Adobe’s head of research Gavin Miller is going to present new cutting-edge technology at NAB in Las Vegas this Tuesday that could one day be used to turn flat, monoscopic 360-degree videos shot with consumer-grade spherical cameras into fully immersive VR video, complete with the ability to lean into the video — something that’s being called six degrees of freedom (6DoF) among industry insiders.
The difference between monoscopic 360-degree video and VR experiences offering six degrees of freedom is especially important for users of high-end VR headsets like the Oculus Rift and HTC Vive. These headsets offer room-scale tracking, which means that the headset knows where in the room the viewer is, accurately translating a motion like “leaning forward” into corresponding visuals.
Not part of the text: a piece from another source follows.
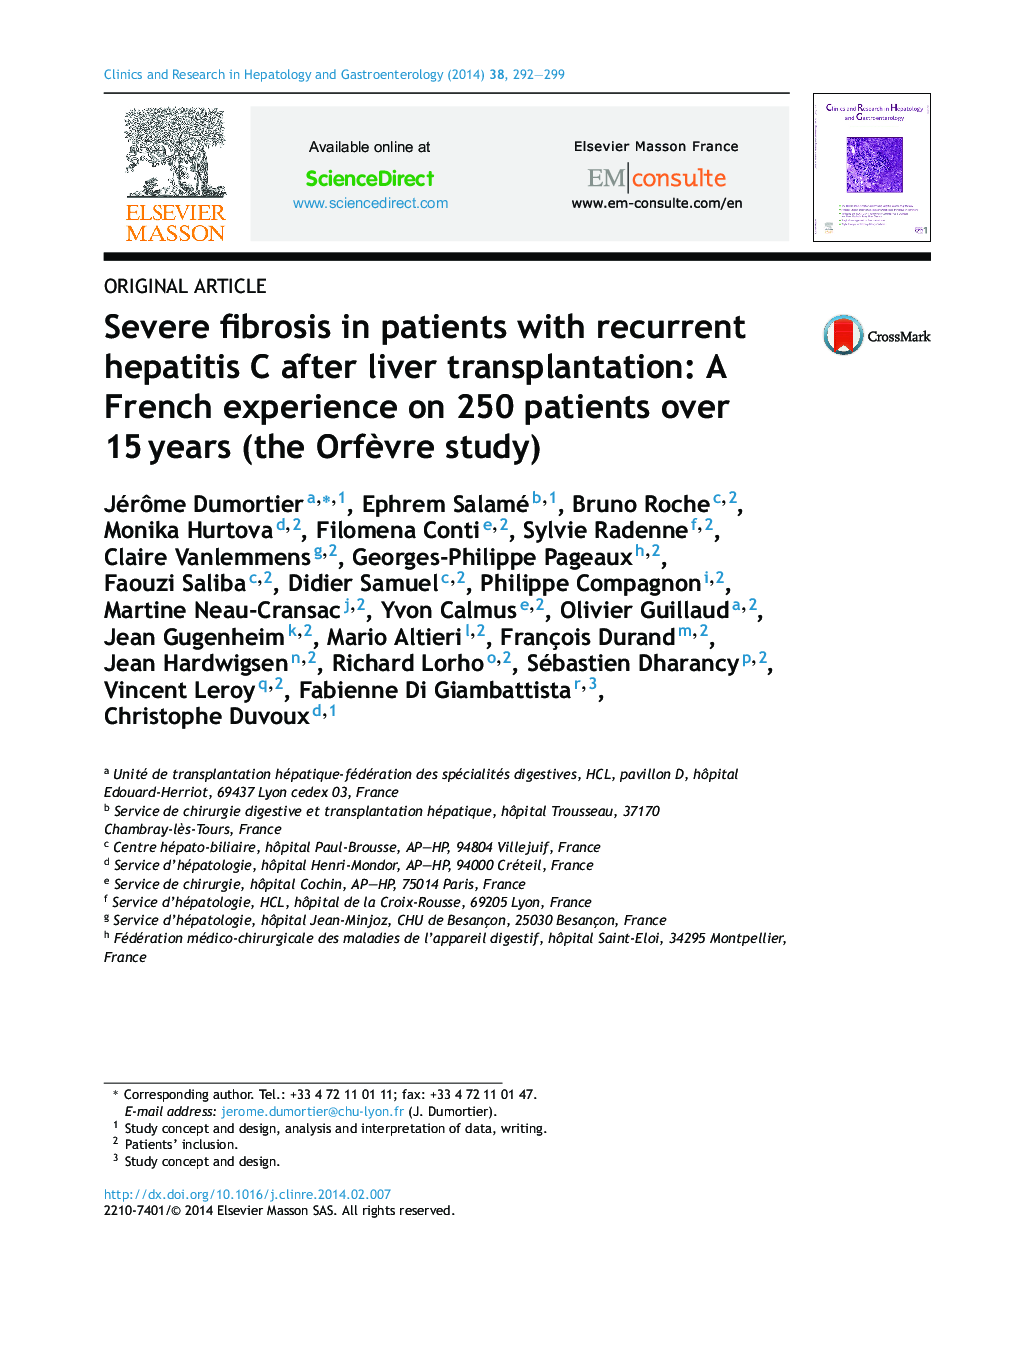 Severe fibrosis in patients with recurrent hepatitis C after liver transplantation: A French experience on 250 patients over 15 years (the Orfèvre study)
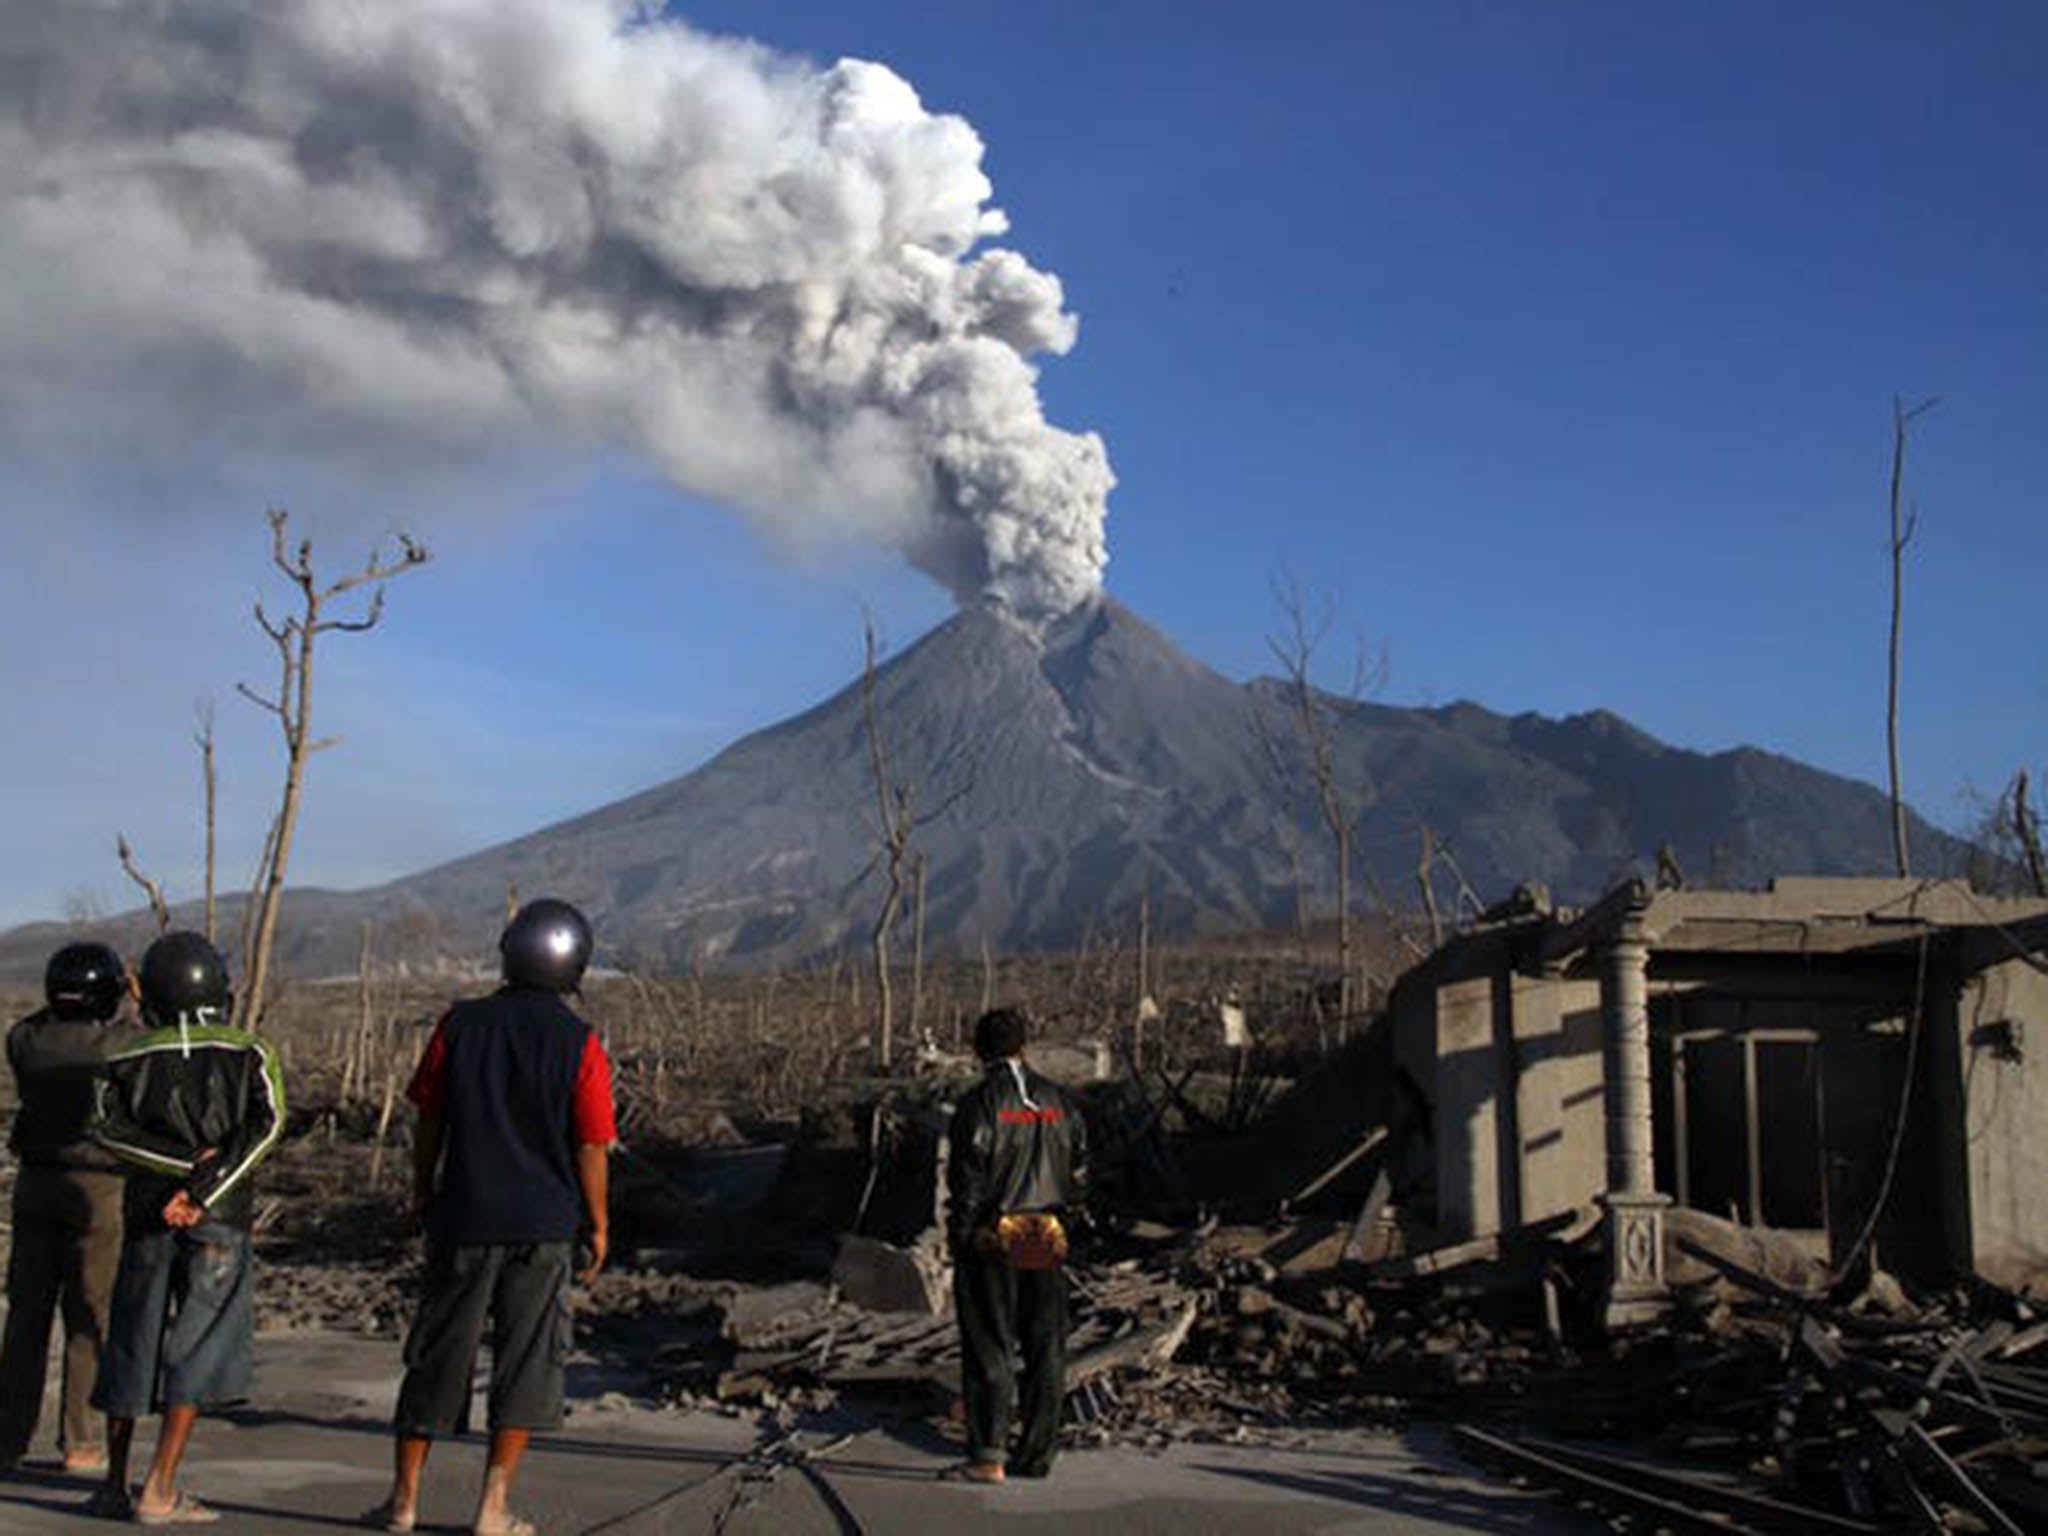 The eruption of Mount Merapi in 2010 was one of the deadliest of the 21st century

Doing this is relatively easy with computer-generated imagery, but giving the viewer the freedom to actually move around in a recorded video requires cutting-edge image capture technology. Light field camera systems for example, like the one developed by Lytro, potentially cost hundreds of thousands of dollars.
However, Adobe’s scientists have figured out a way to deduct crucial information about a room by analyzing the movement of a camera through something they call a “structure-from-motion” algorithm (for the technically inclined: here’s a research paper on the approach).
That data can then be used to generate new perspectives to account for different viewpoints, giving viewers the ability to truly lean in to a video that previously wasn’t even 3D. The technology could also be used to stabilize 360-degree video, or to generate different versions of a video that work for users with varying degrees of motion comfort levels.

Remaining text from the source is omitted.